A reader finishes 210 pages in 7 hours. At this rate, how many pages per hour?
210 pages/hour
30 pages/hour
7 pages/hour
30 hours/page
Explanation
Divide pages by hours: 210 ÷ 7 = 30 pages/hour. A does not divide. C divides the wrong way. D flips the units to hours per page.

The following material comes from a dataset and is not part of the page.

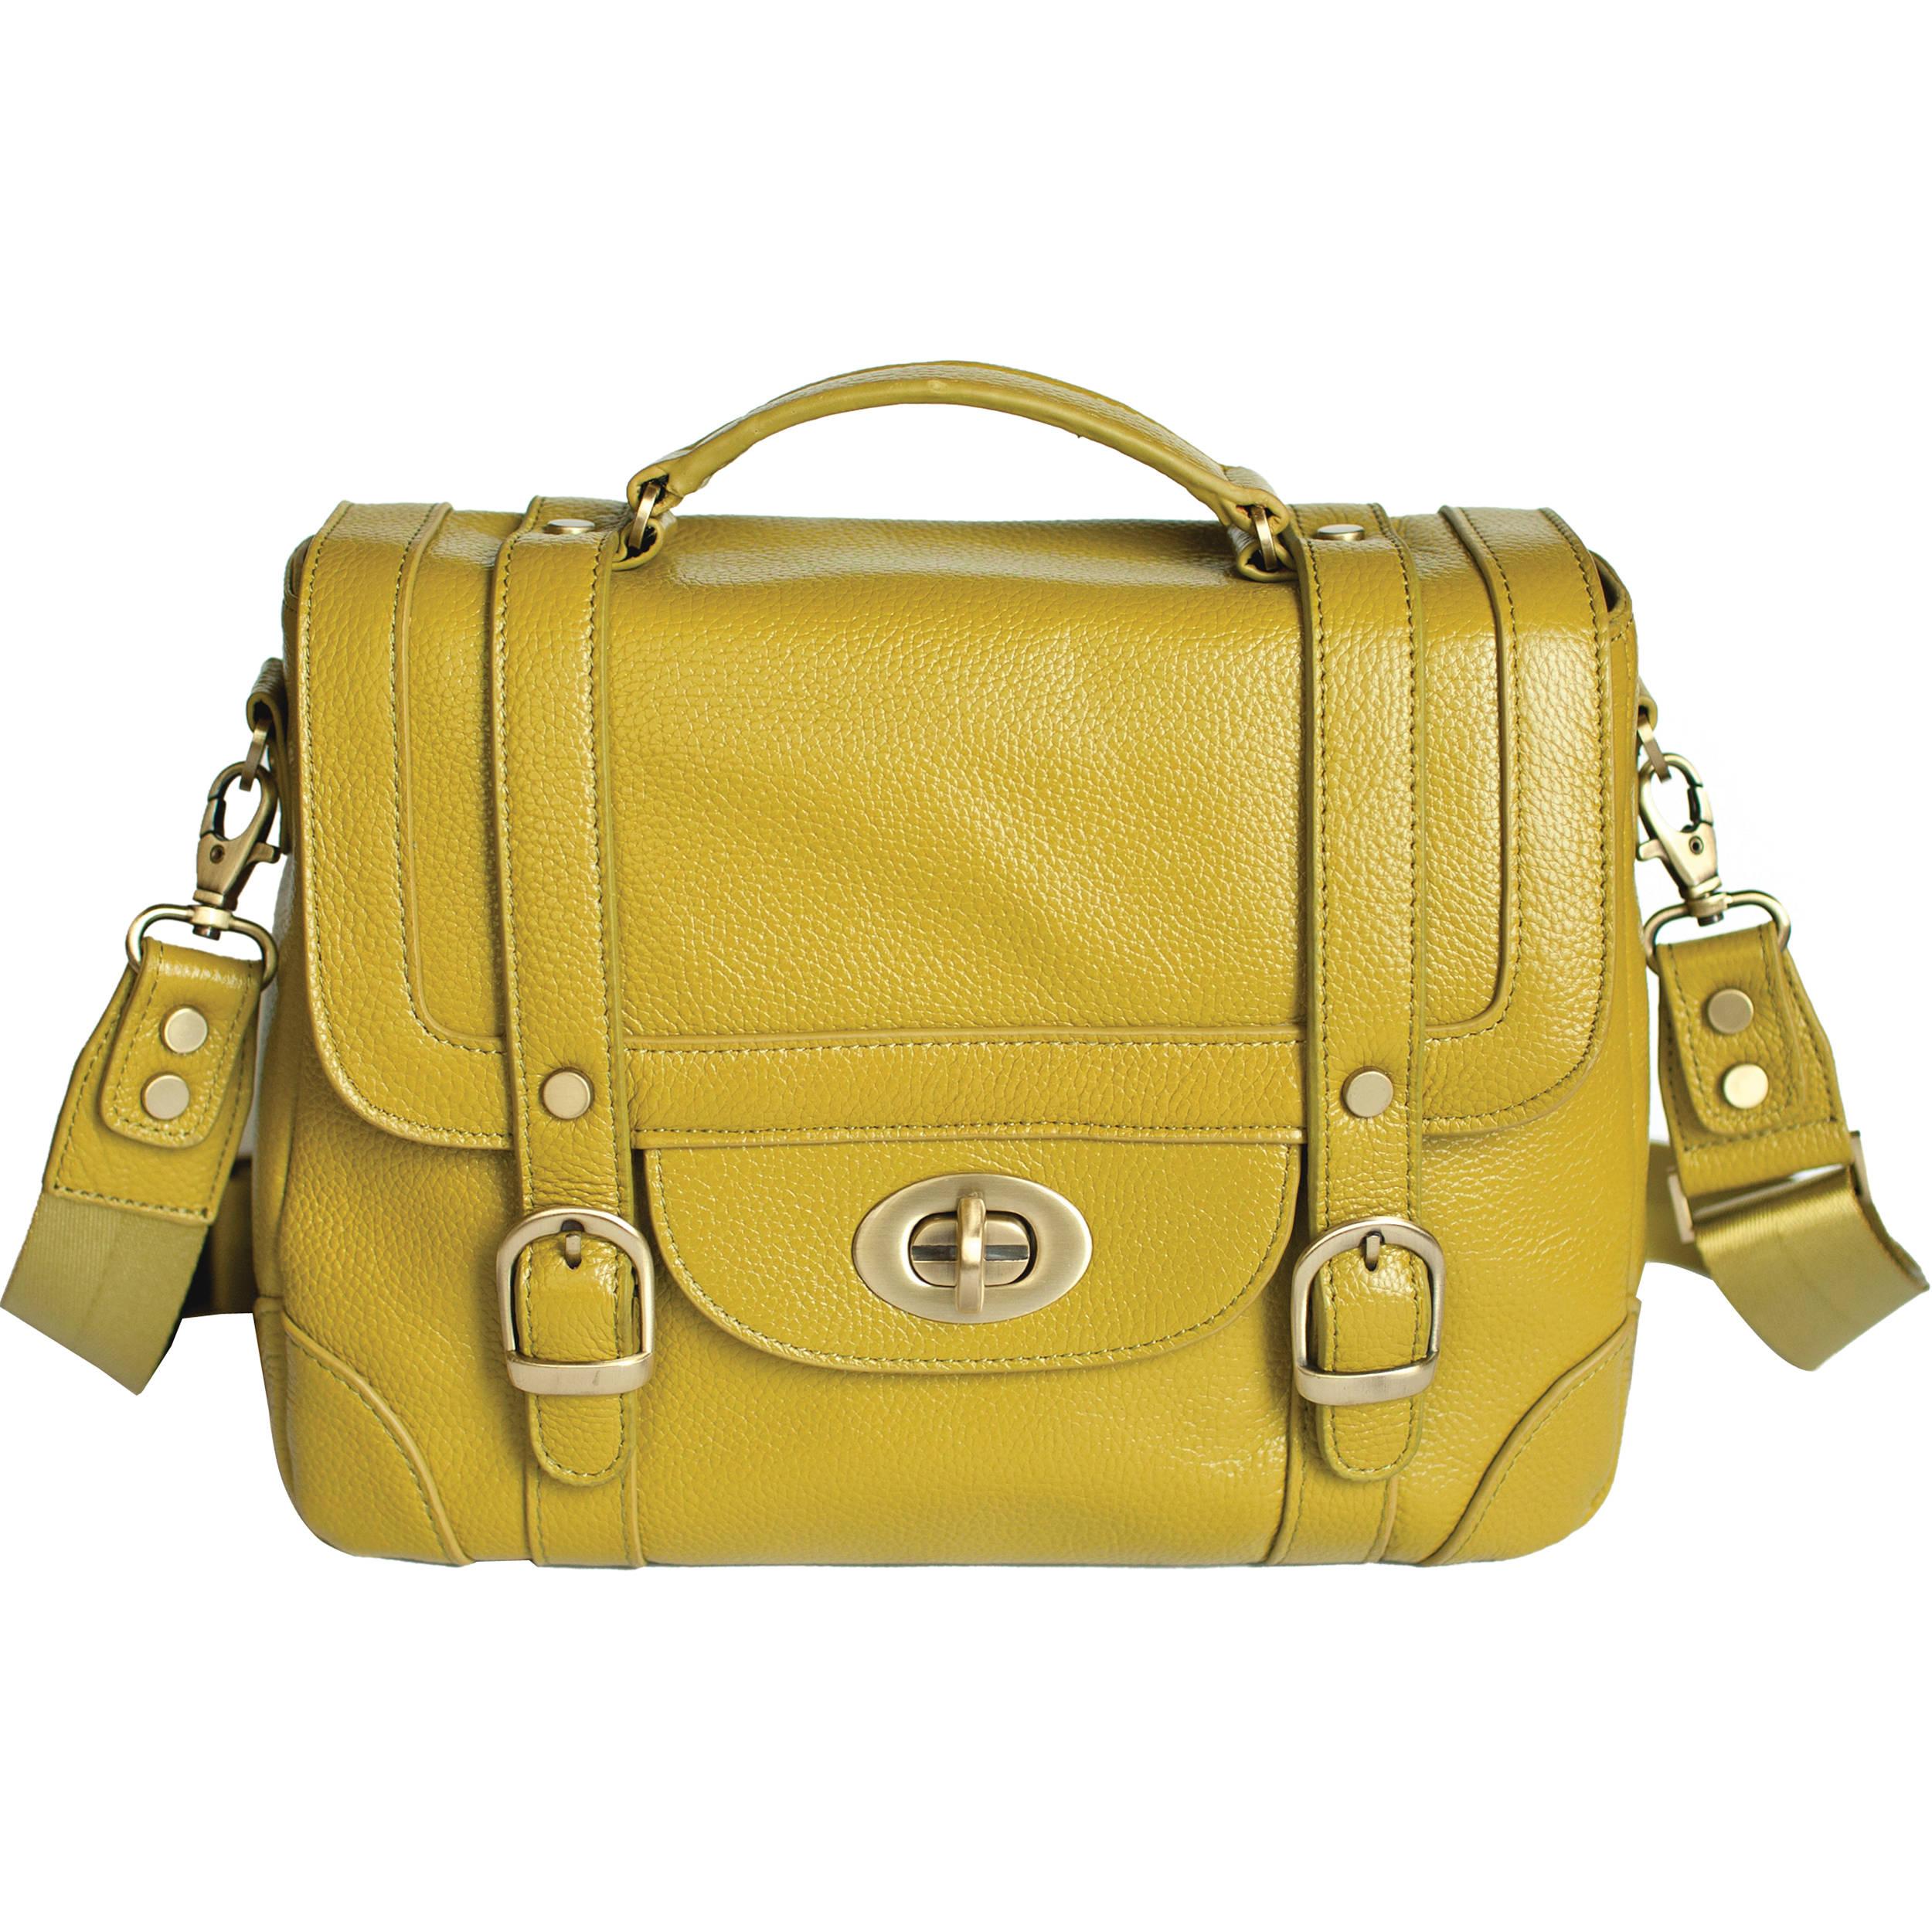 Ketti Handbags The School Camera Bag Moss Green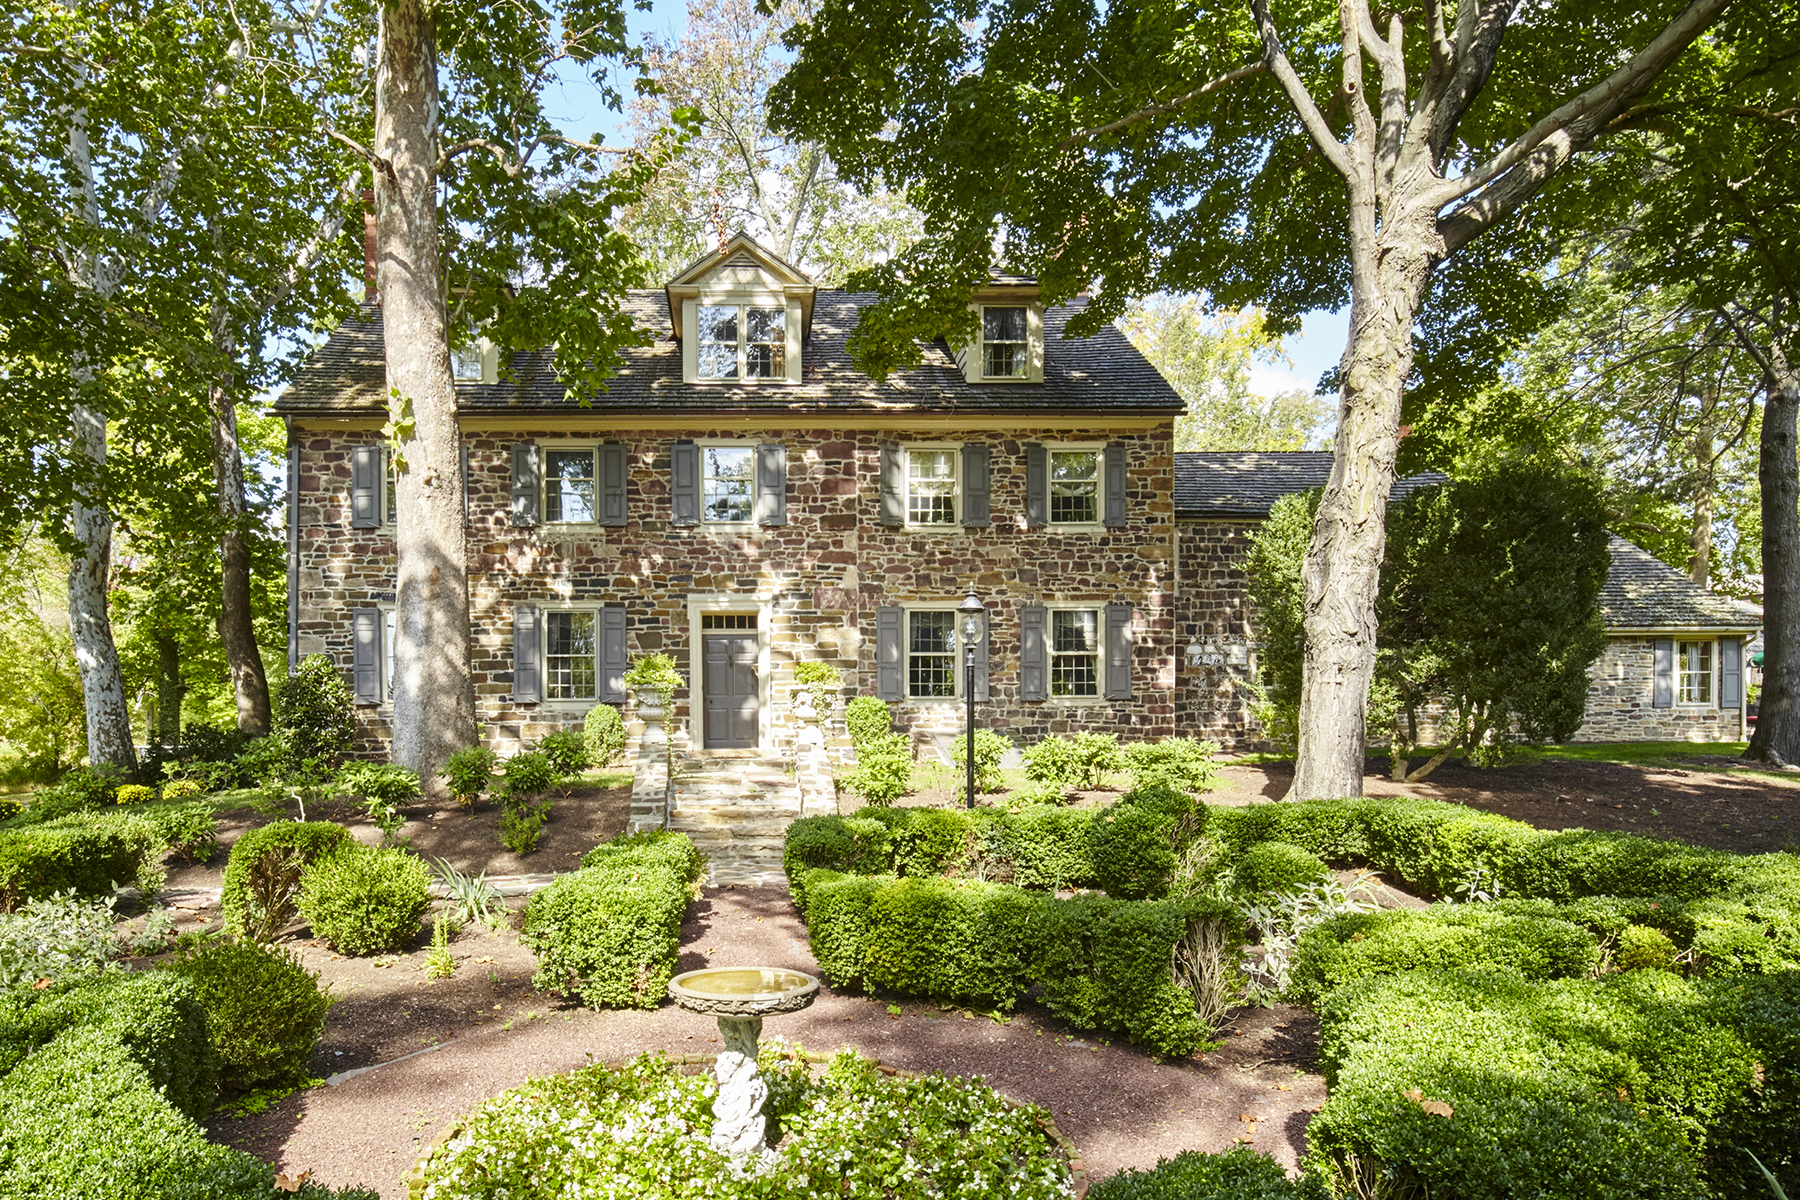 Single Family Home for Sale at Historic Glendower Farm 1221 Meetinghouse Road Gwynedd, Pennsylvania 19436 United States

A painter covers 600 square feet in 4 hours. What is the unit rate in square feet per hour?
2400 square feet/hour
150 square feet/hour
600/4 square feet/hour
0.0067 square feet/hour
Explanation
Divide area by time: $600 \div 4 = 150$ square feet per hour. 2400 square feet/hour multiplies instead of dividing. 600/4 square feet/hour is not simplified to a unit rate. 0.0067 square feet/hour comes from $4 \div 600$, which reverses the order.
A pack of 5 notebooks costs 25 dollars. At this rate, how many dollars per notebook?
25 dollars per notebook
25/5 dollars per notebook
5 dollars per notebook
5/25 dollars per notebook
Explanation
Divide cost by quantity: $25 \div 5 = 5$ dollars per notebook. 25 dollars per notebook forgets to divide. 25/5 dollars per notebook is not simplified to a unit rate. 5/25 dollars per notebook flips the order ($5 \div 25$), giving the wrong unit rate.